#### Data extract:
━━━━━━━━━━━━━━━━━━━━
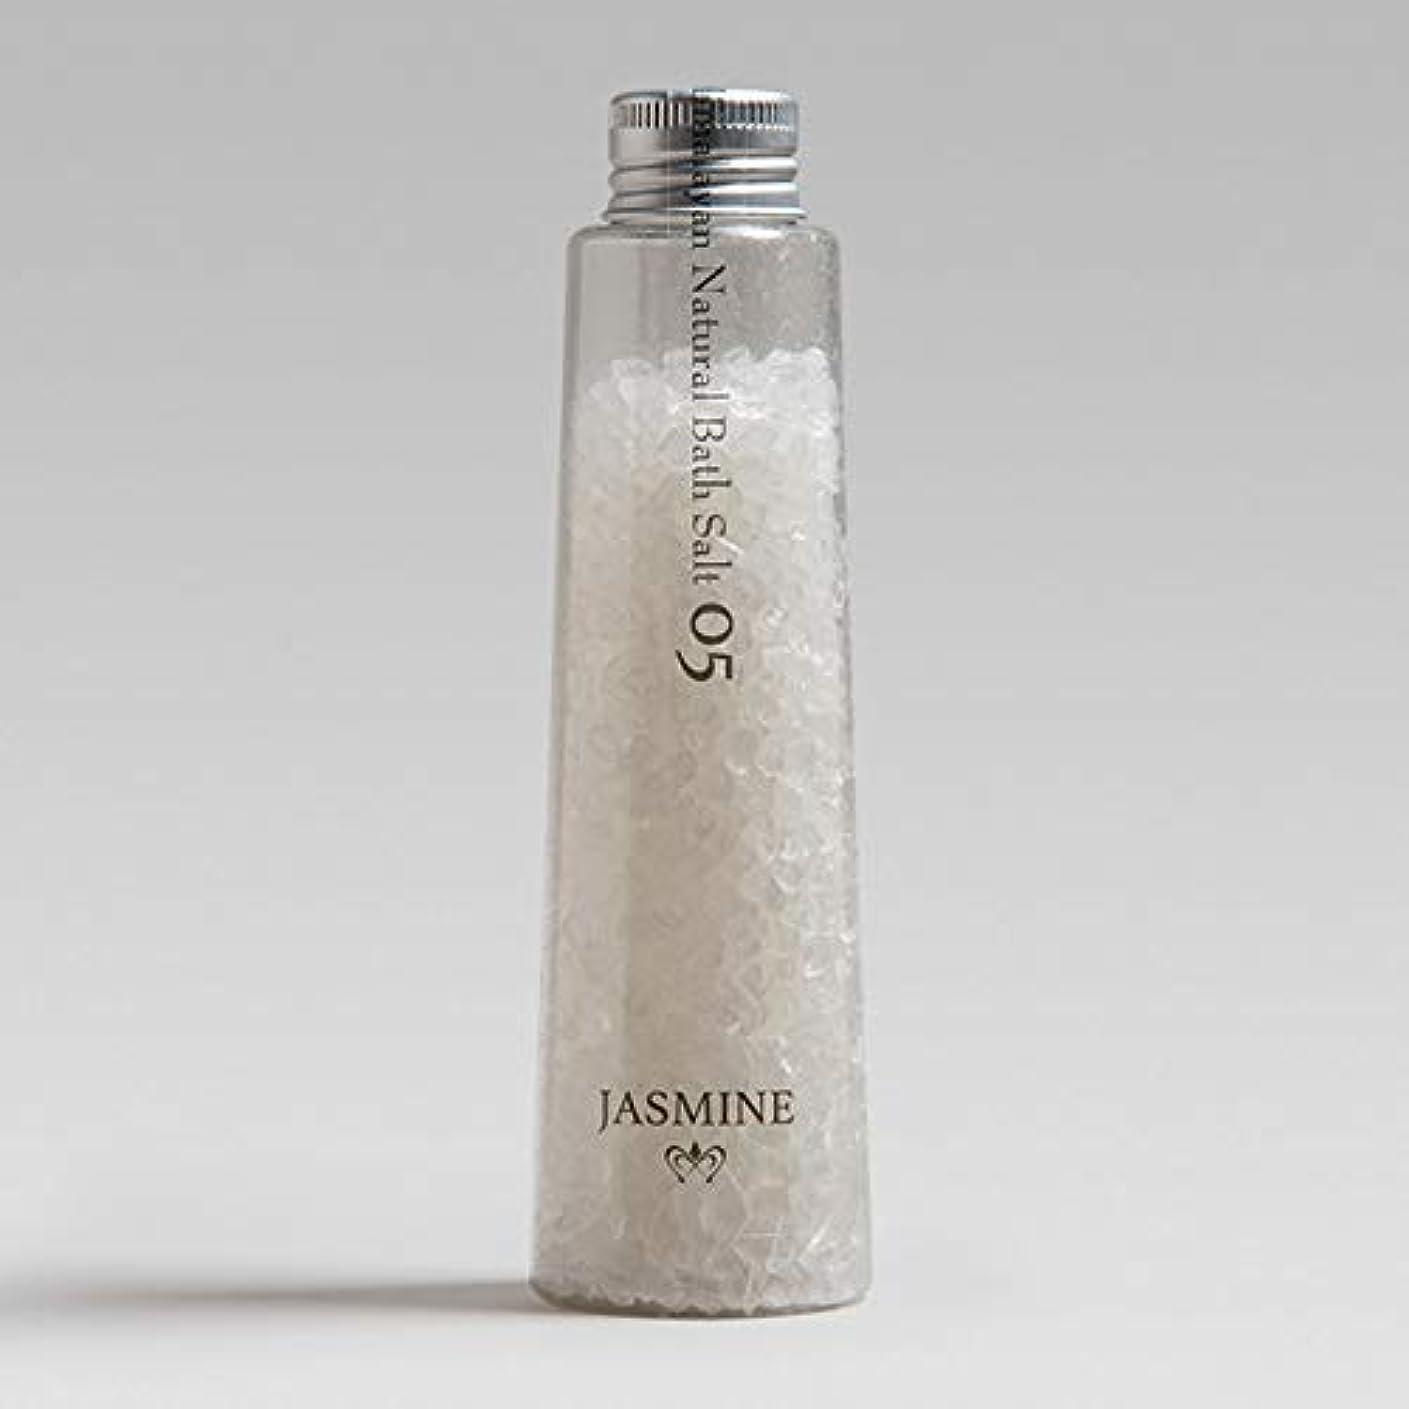 ROSEBAY アロマバスソルト ボトルタイプ170g ジャスミン
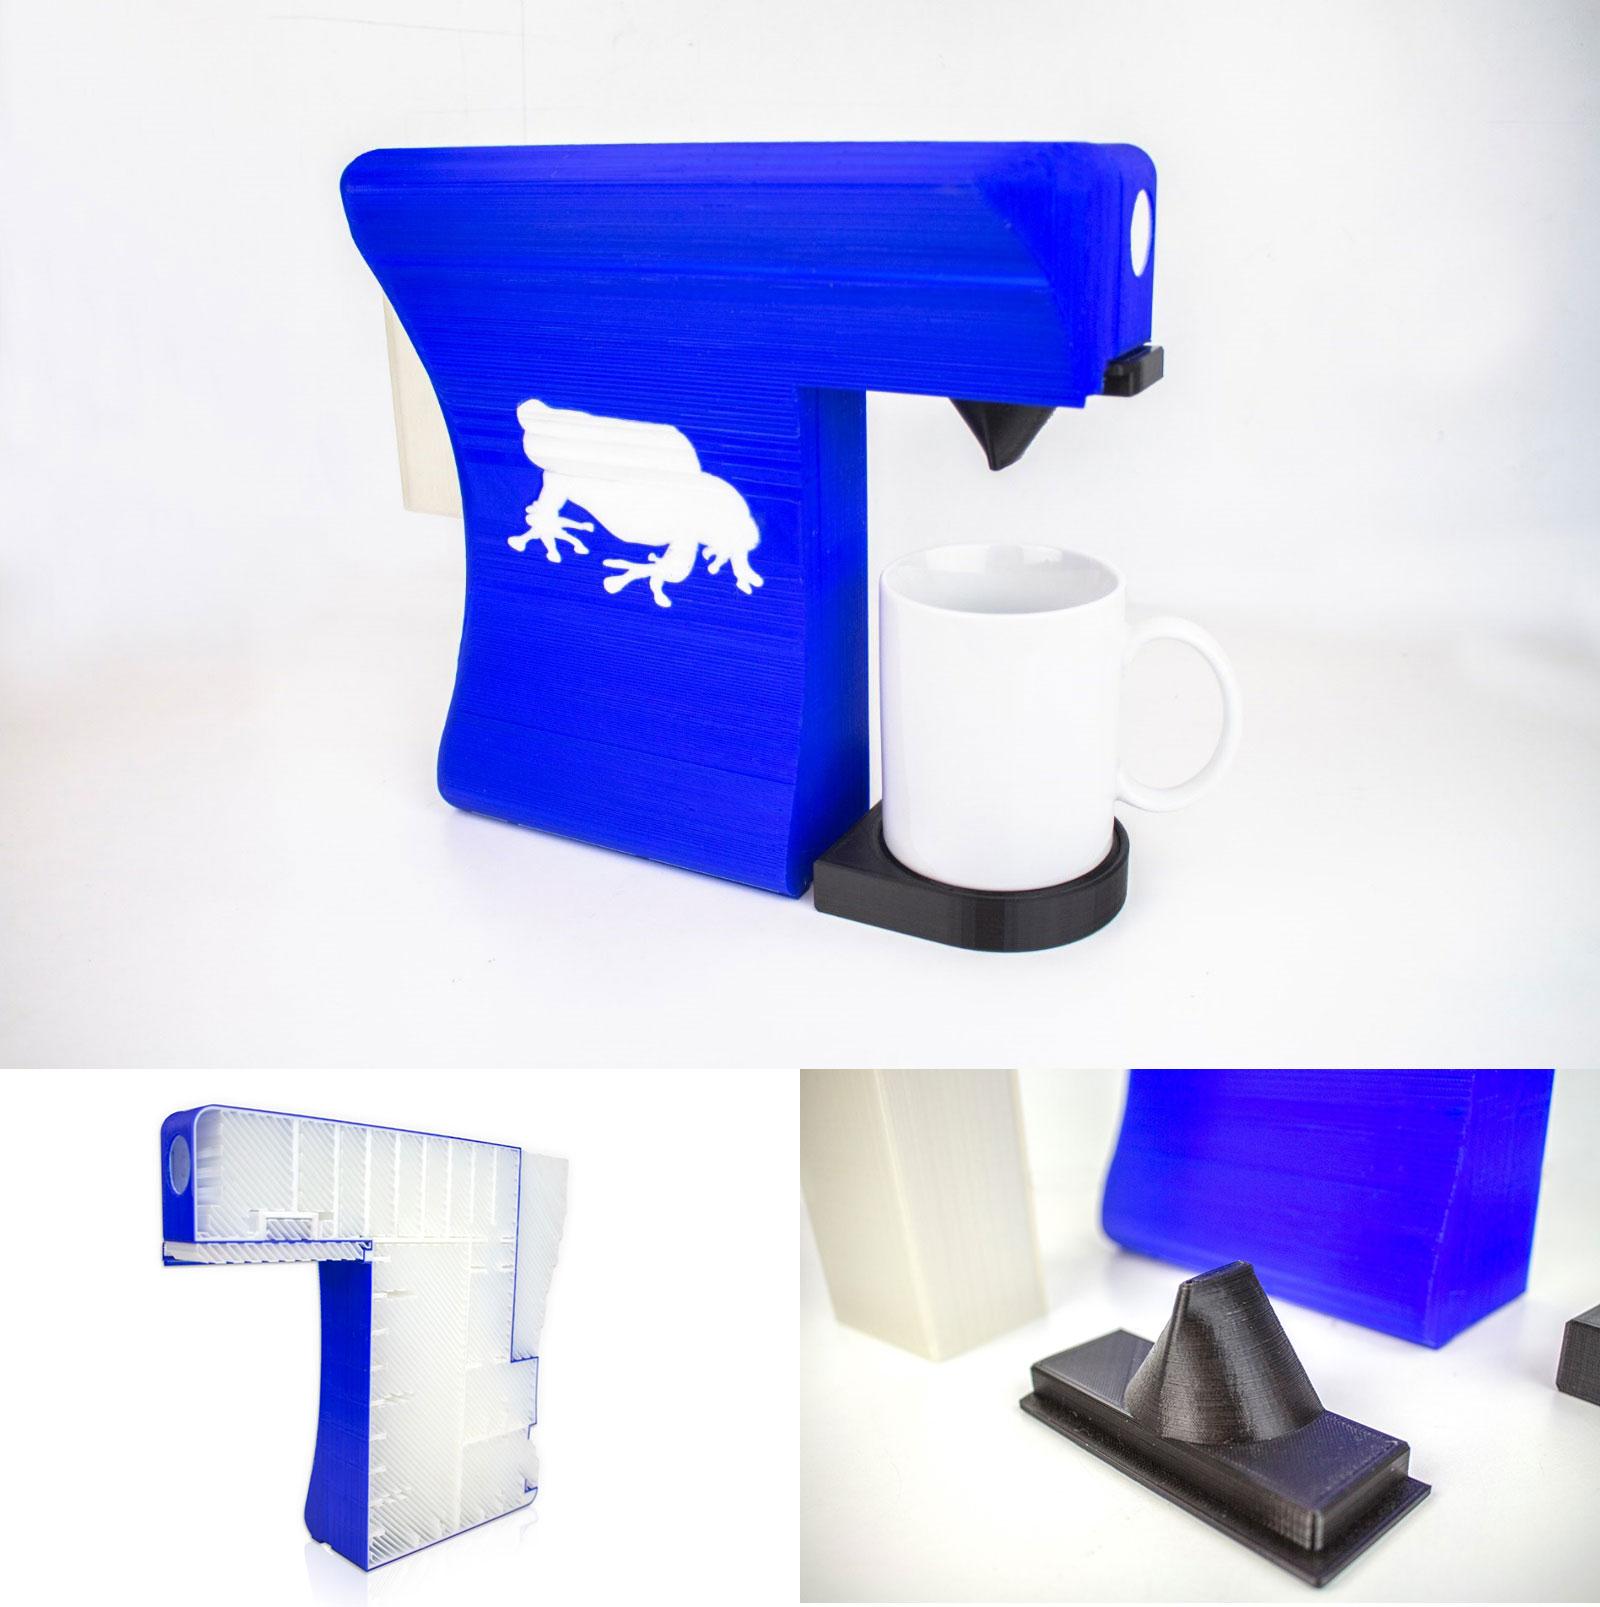 Dual Color Print Leapfrog Bolt
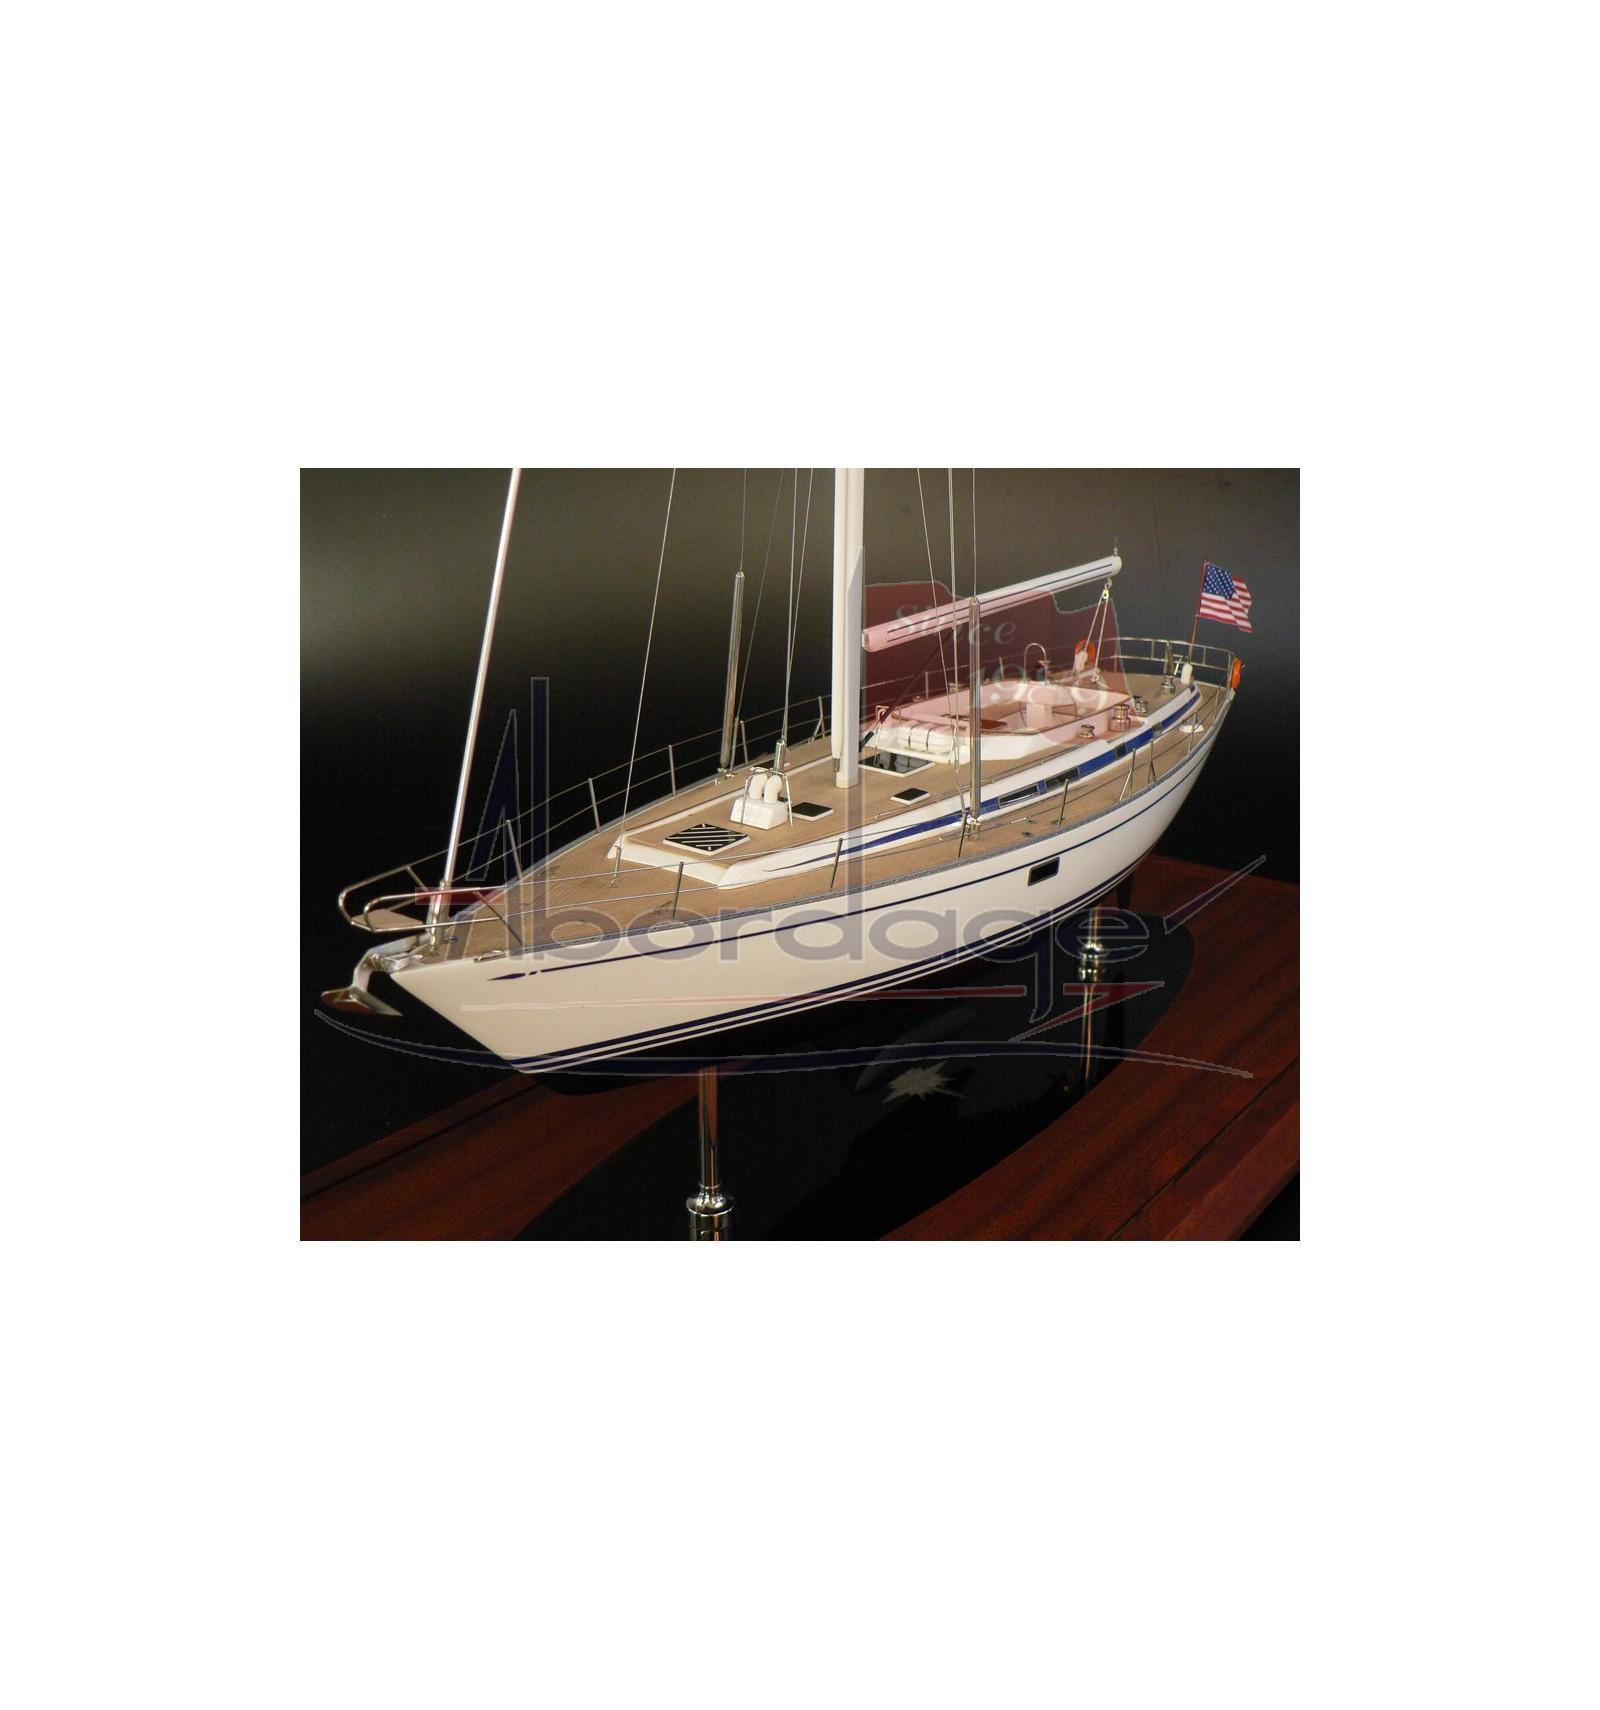 nautor swan 5557 boat model
━━━━━━━━━━━━━━━━━━━━
Return the material word for word, images omitted.

#### Response to this task:
 ROSEBAY アロマバスソルト ボトルタイプ170g ジャスミン
 Dual Color Print Leapfrog Bolt
 nautor swan 5557 boat model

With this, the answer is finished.